Watch out for vega risk  



			
				Hopeful said:
			
		

> Notice where the open interest is? The $5 Jan puts and the $20 & $25 Jan calls. So most punters are betting that it'll either double or half in price before Jan expirtion. Interesting.




Open interest doesn't tell you anything by itself. You don't know whether that OI is punters buying or selling... or spreading. If they are buyers, then that's exactly what they are, punters.

Also IV is telling us that the FDA announcement is expected AFTER Jan expiry... bads news for those OTM long options (if they are long)

Opportunity here, but danger too!


----------



## ducati916 (7 December 2006)

*et al*



> _With a bit of greek ju-jitsu and timing we can make a low risk, high probabilty strategy with these._




The title of the thread should suggest a strategy.
If the IV is extreme, then as traders you should be looking to fade the volatility on the basis of reversion to the mean.

Based on the information, viz. an FDA announcement, after the news is disseminated, we could expect volatility to decrease back to circa historic levels.

jog on
d998


----------



## nelly (7 December 2006)

ducati916 said:
			
		

> *et al*
> 
> 
> 
> ...




I know you don't care..... but.... you's lost me at "The"....what the heck does IV mean...................hey!...... i'm trying O.K.......................... Whether you like it or not you are teachers here.........[to the people who think they are smart enuf to save the dollars on the books who teach them NOTHING]
Always cheerful


----------



## wayneL (7 December 2006)

ducati916 said:
			
		

> *et al*
> 
> 
> 
> ...



Yes!

Couldn't think of a better name for the thread, any suggestions?

Meanwhile here is the IV mean/SV chart:


----------



## ducati916 (7 December 2006)

nelly said:
			
		

> I know you don't care..... but.... you's lost me at "The"....what the heck does IV mean...................hey!...... i'm trying O.K.......................... Whether you like it or not you are teachers here.........[to the people who think they are smart enuf to save the dollars on the books who teach them NOTHING]
> Always cheerful




Nelly,
*IV* = Implied Volatility, or future volatility.
Of all the greeks, this is the one you cannot really number crunch, hence the reason enzo is utilizing the visual [chart] representation.

Markets trend;
Up, down, sideways.
Whatever the direction, they never move only in that direction, they tend to trend based on equilibrium, which simply means really big moves come back to the middle ground, before, continuing up, down sideways.

Therefore, if you have a really _gargantuan_ move in one direction, they will revert to some form of equilibrium in a period of TIME.

In options, *theta* measures time decay.
Thus, if we expect a reversion, and are placing money on a reversion, we are saying that two components *could * be important; price [delta] & time [theta]

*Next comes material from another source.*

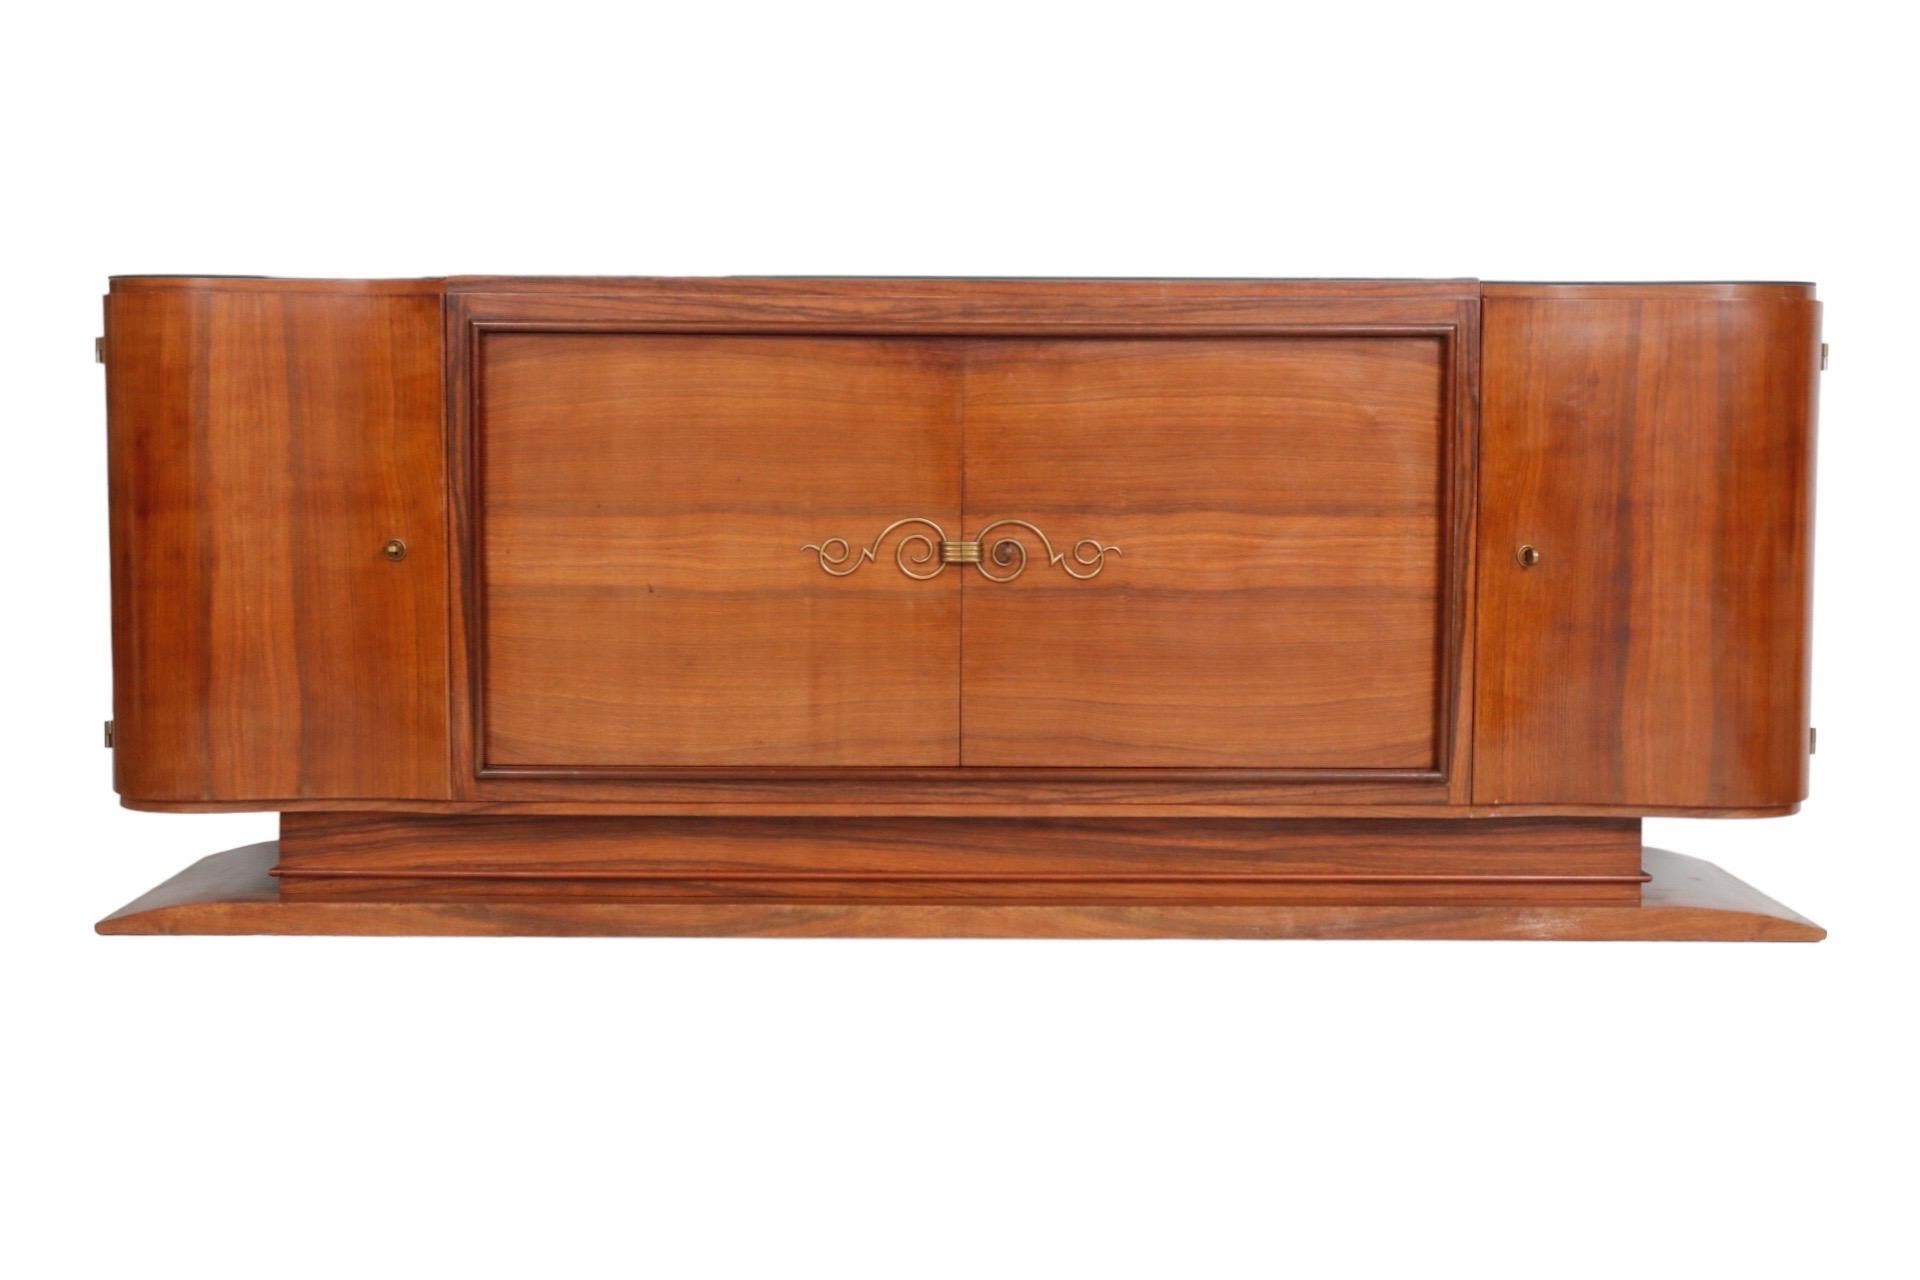 A French Art Deco period sideboard attributed to Jules Leleu. Made of mahogany, it consists of four seperate pieces secured together with bolts. A central cabinet with a beveled frame has book matched cabinet doors decorated with an elaborately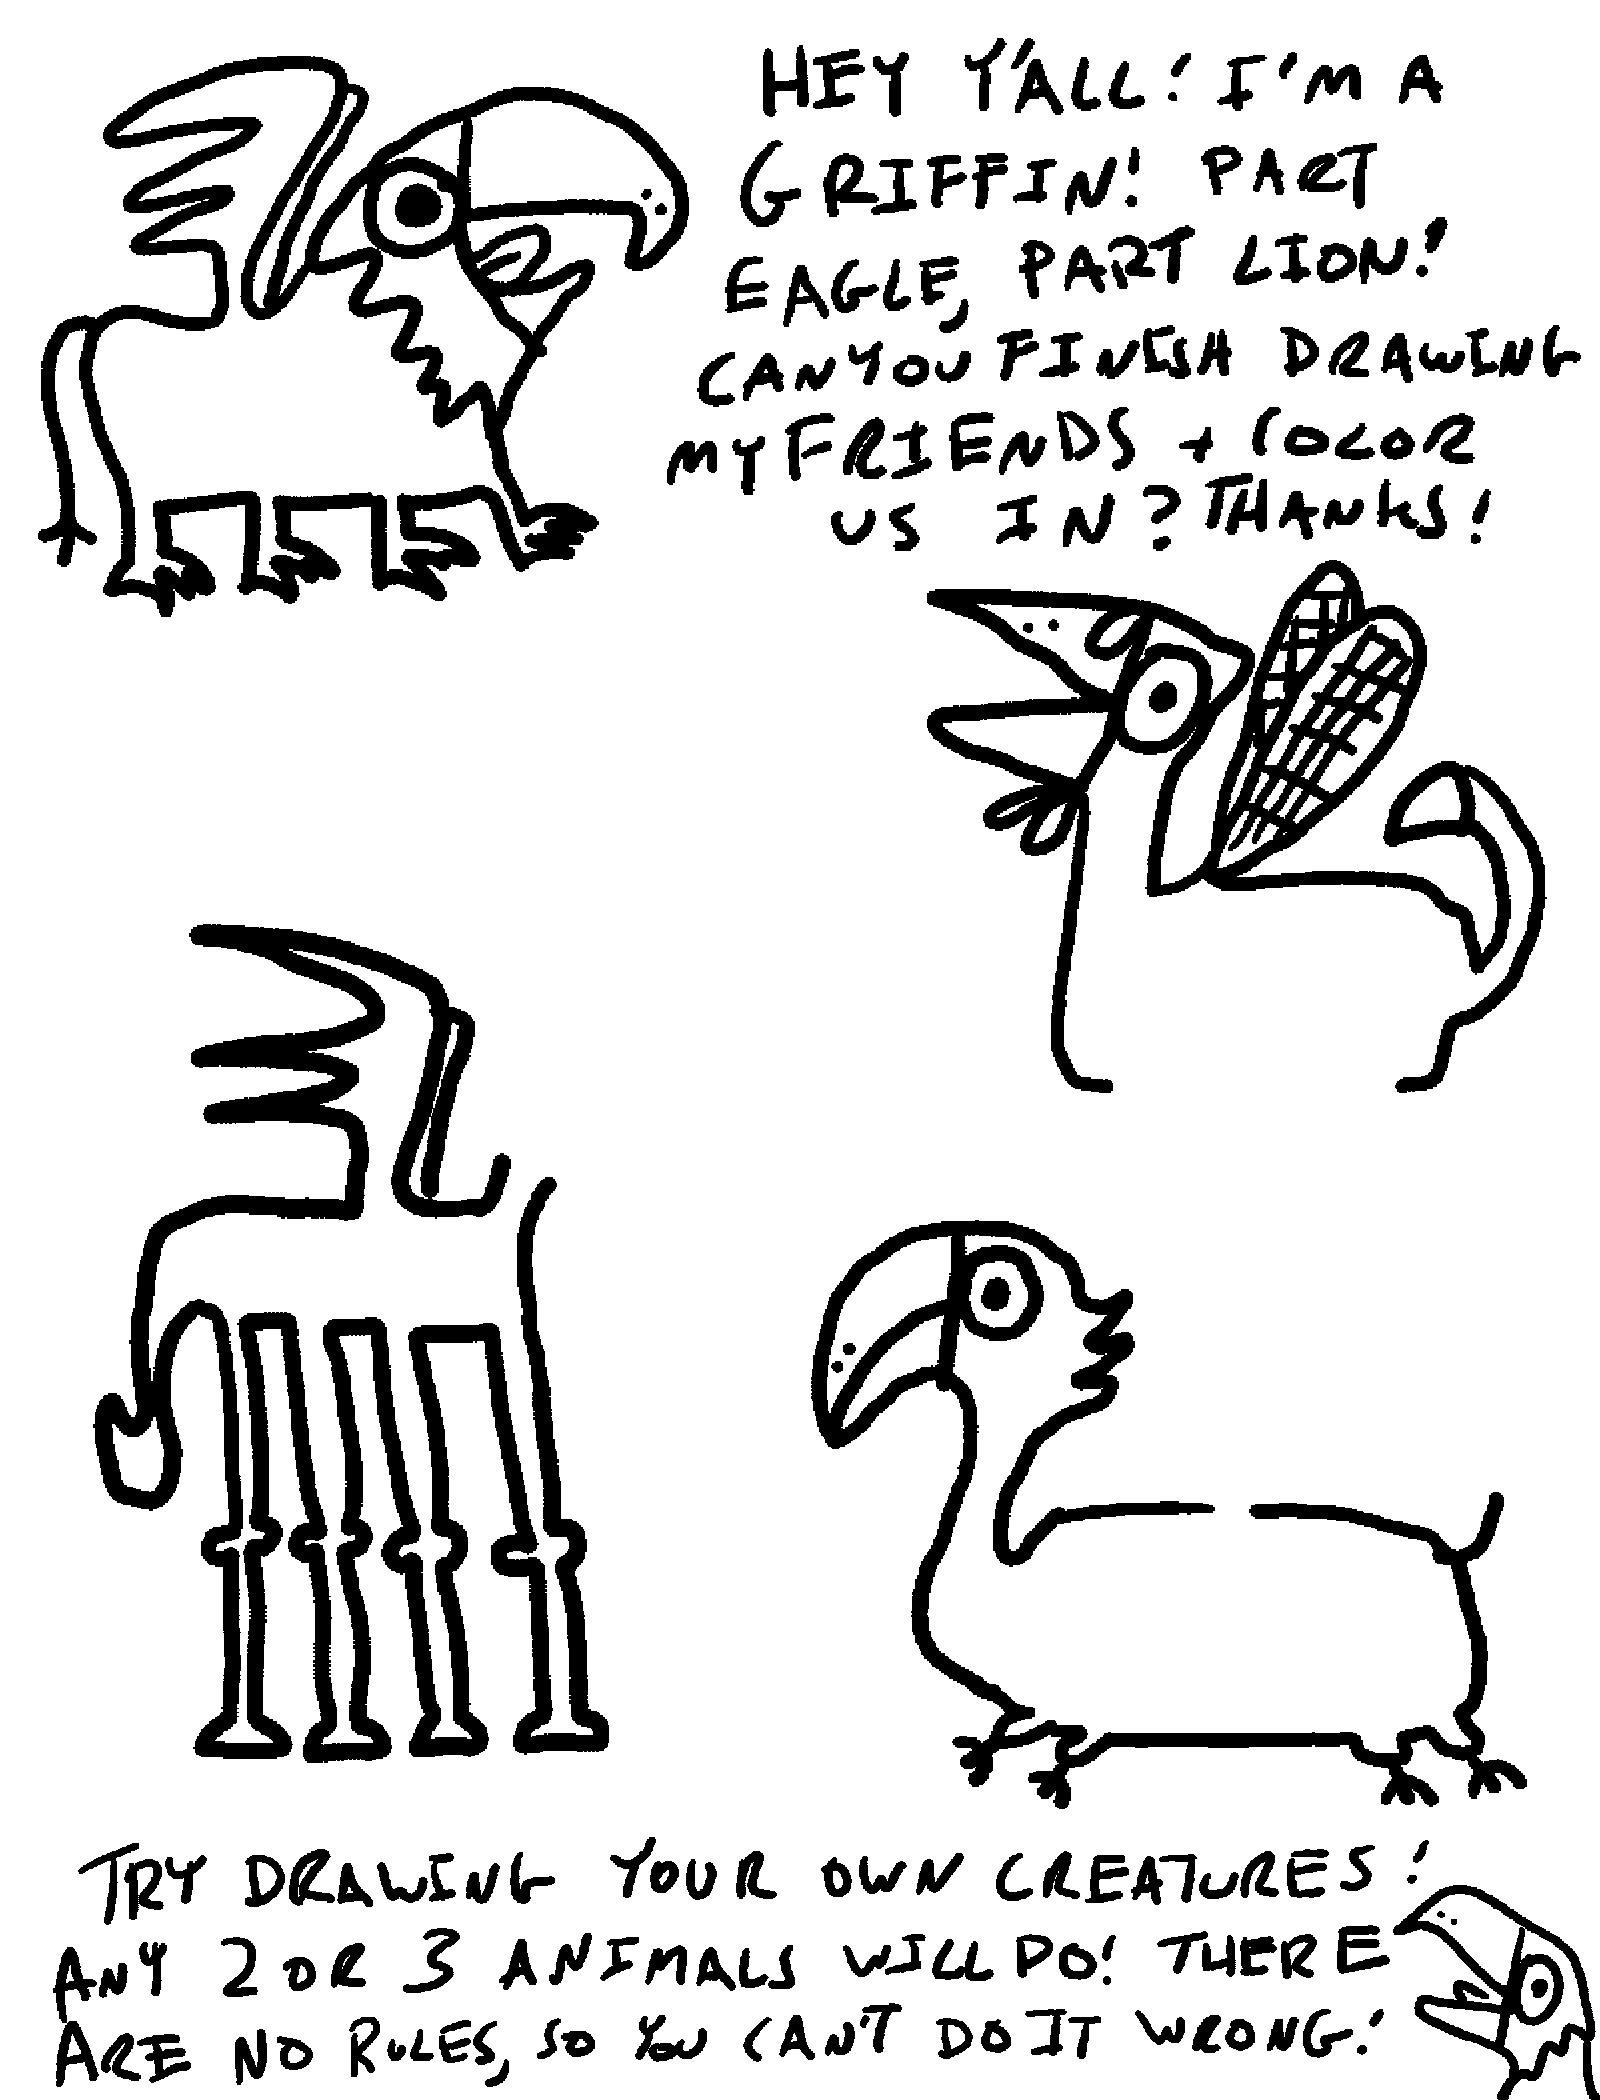 Draw A Griffin with this activity sheet

If a further upward move is determinisically a lower probability, then, we have a more cut & dried choice, and we must construct a strategy around delta & theta, assuming vega will decrease.

jog on
d998


----------



## Hopeful (19 December 2006)

Hopeful said:
			
		

> Or perhaps just buy a put! Simple. Why? Because the chart is screaming "short me"




Well, I sure got that one right! Down to $10.60 already. One could have made buckets of money on it.

Wayne, what did you end up doing?


----------



## Hopeful (22 April 2007)

Hopeful said:


> Well, I sure got that one right! Down to $10.60 already. One could have made buckets of money on it.
> 
> Wayne, what did you end up doing?




Now it's at $3.65 . My brilliant analysis of the chart turned out to be awesomely correct. This is how much moola I made from trading it:  minus .


----------



## wayneL (23 April 2007)

Hopeful said:


> Now it's at $3.65 . My brilliant analysis of the chart turned out to be awesomely correct. This is how much moola I made from trading it:  minus .



I made as much as you  I didn't trade it either, couldn't get rid of enough risk.


----------